Changes in immune-cell subsets within prostatic tissue before and after PROSTVAC vaccine therapy. All cell densities were quantified as previously described using inForm software. (A) Frequency of T-regulatory cells (Tregs) (CD4+FOXP3+) before and after PROSTVAC therapy in non-compartmentalized analysis (NCA). (B) Frequency of T helper cells (CD4+FOXP3–) before and after PROSTVAC therapy in NCA. (C, D) Activated (Ki67+) and non-activated (Ki67–) CD8 cytotoxic T lymphocytes were quantified using NCA in both prevaccination and postvaccination sections. For (A–D), Wilcoxon signed rank test was used.

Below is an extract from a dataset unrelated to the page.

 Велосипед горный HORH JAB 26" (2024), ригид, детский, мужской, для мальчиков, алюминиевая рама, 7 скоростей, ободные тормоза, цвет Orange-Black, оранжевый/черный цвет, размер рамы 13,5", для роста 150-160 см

Median±IQR is shown with horizontal lines. (E, F) Representative images of all four immune-cell subsets (Tregs, T helper, activated cytotoxic T lymphocytes and non-proliferative cytotoxic T lymphocytes).

Figure 5

Antigen-specific T-cell responses assessed by intracellular cytokine staining of peripheral blood mononuclear cells following in vitro stimulation (pIR). Responses to the vaccine target antigen prostate-specific antigen and the cascade antigens MUC-1 and brachyury were measured by increases in the number of CD4+ or CD8+ lymphocytes producing cytokines (interferon-γ, tumor necrosis factor-α or interleukin-2) or positive for CD107a. An increase of ≥twofold from baseline was considered positive. pIR, peripheral immune response.